--- START ---
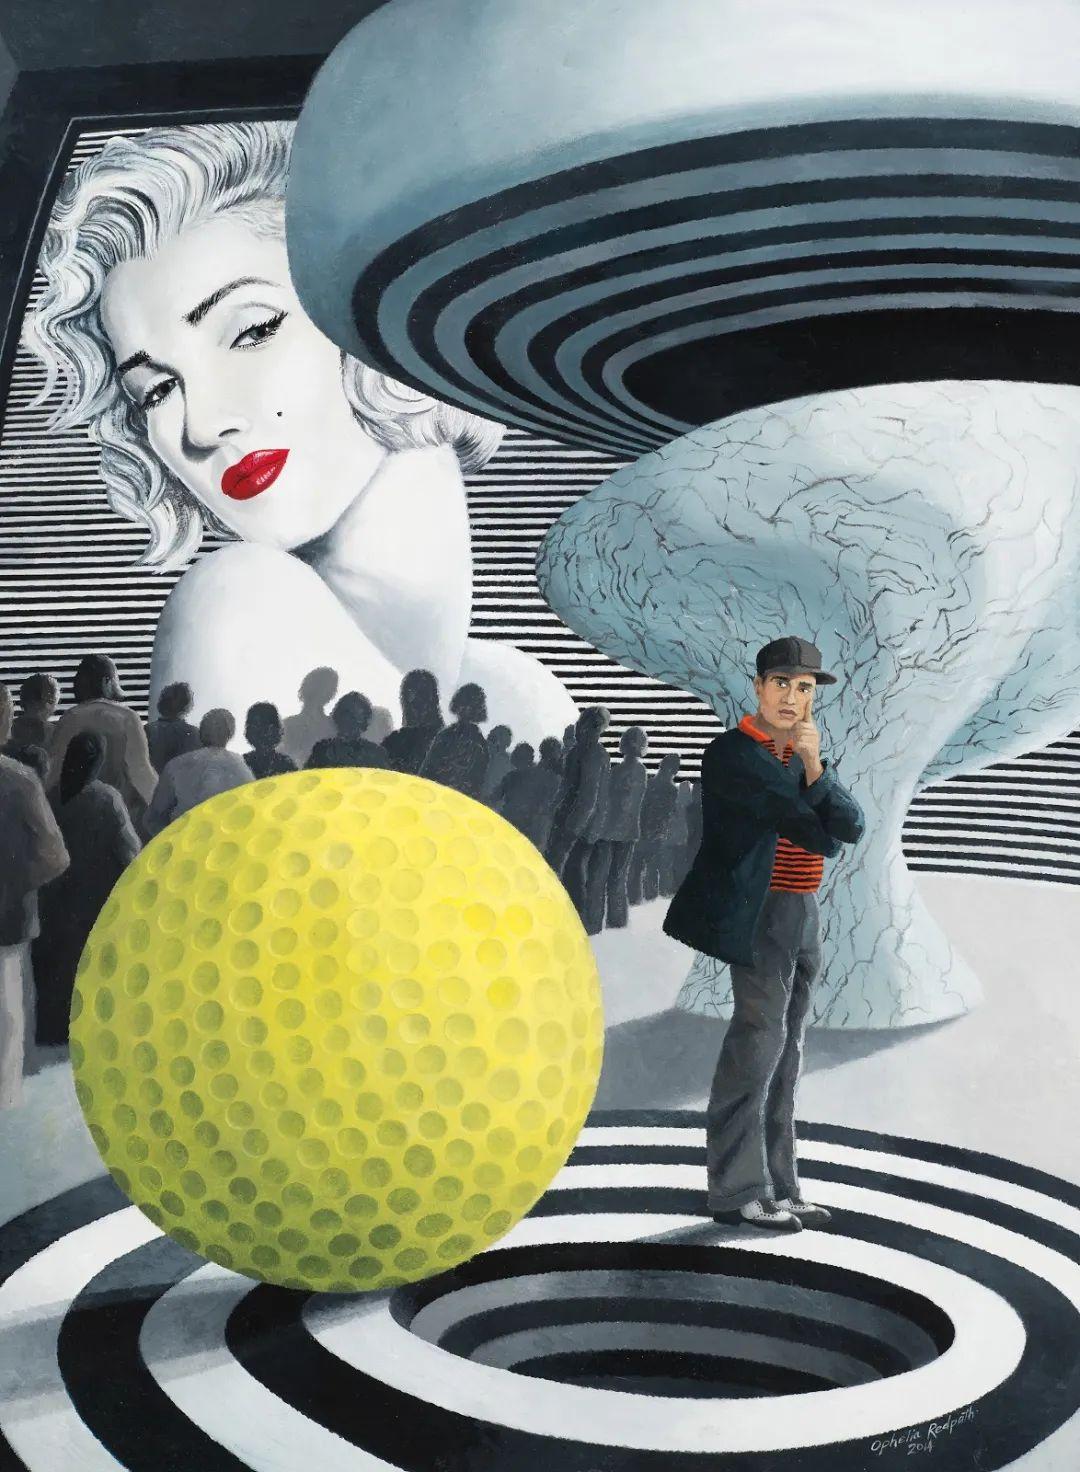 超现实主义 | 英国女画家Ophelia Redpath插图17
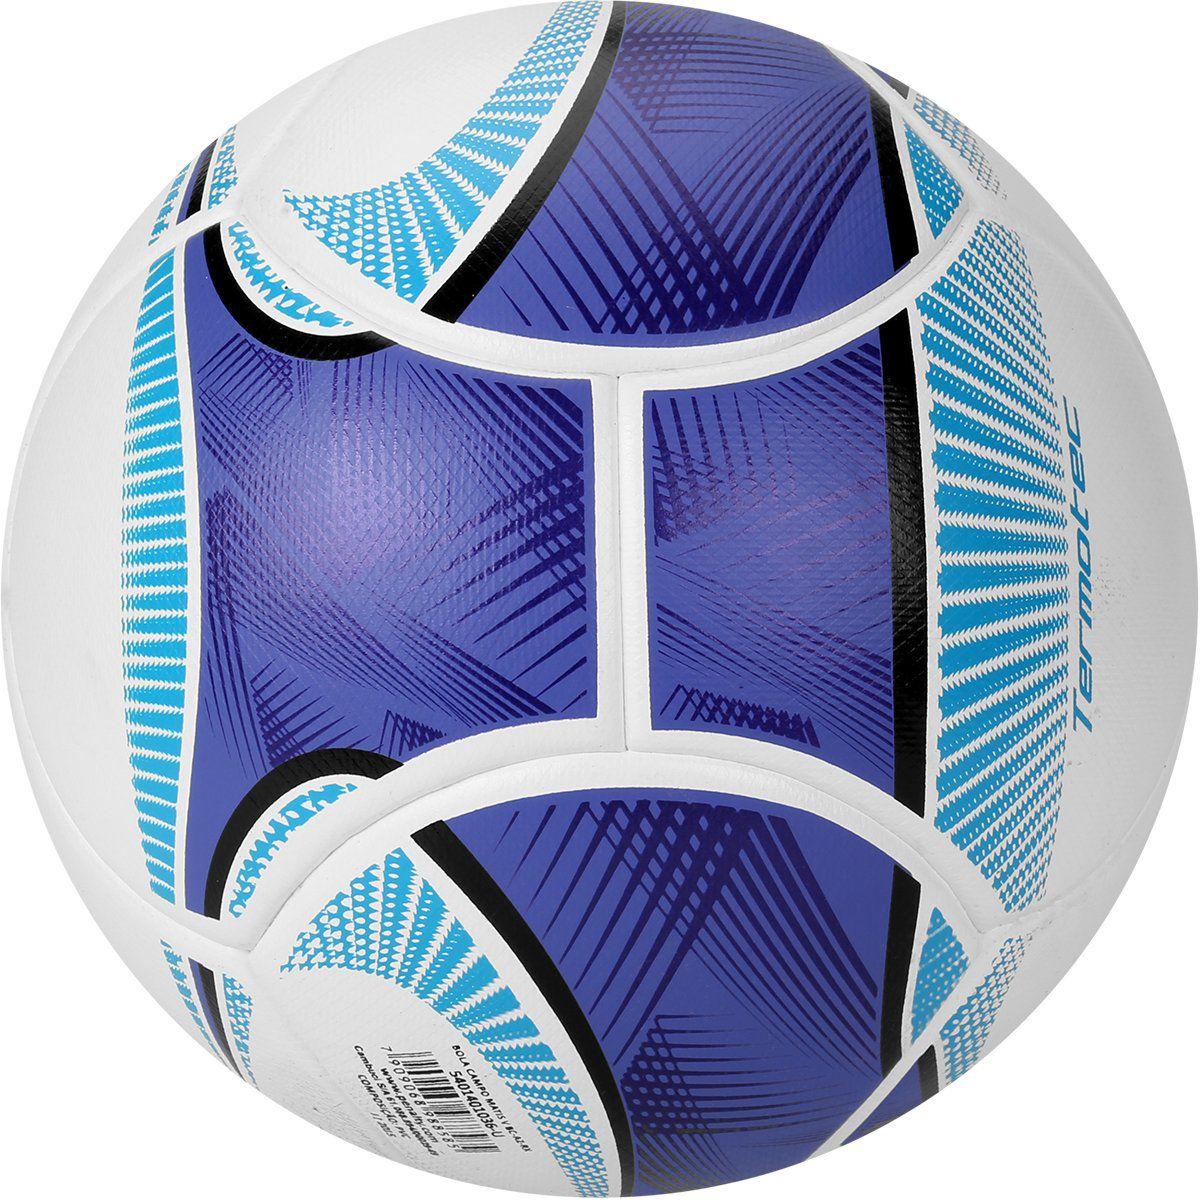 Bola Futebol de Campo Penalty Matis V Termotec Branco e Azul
--- END ---
--- START ---
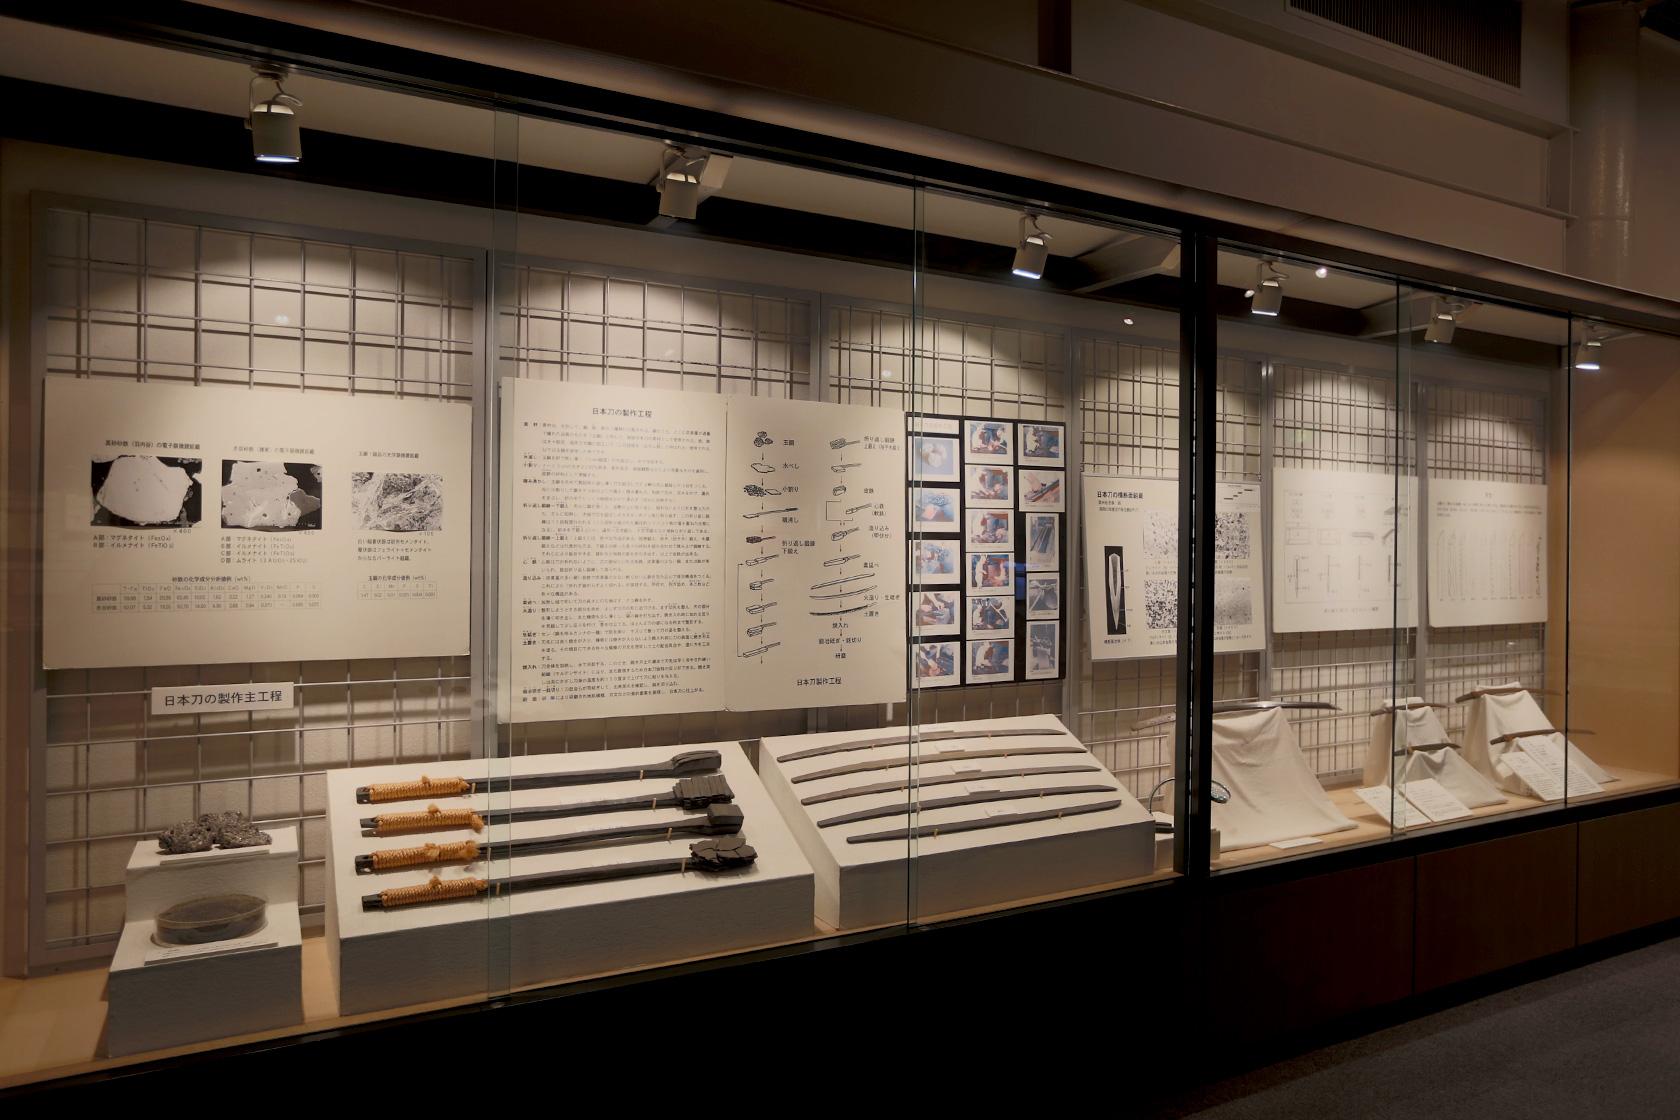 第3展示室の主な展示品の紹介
--- END ---
◆ **ACTIVITY**:
Excluding any pictures, print exactly the lines of the listing above from the line with "超现实主义 | 英国女画家Ophelia Redpath插图17" to the line with "Bola Futebol de", both ends included.

◆ **COMPLETED TASK**:
 超现实主义 | 英国女画家Ophelia Redpath插图17
 Bola Futebol de Campo Penalty Matis V Termotec Branco e Azul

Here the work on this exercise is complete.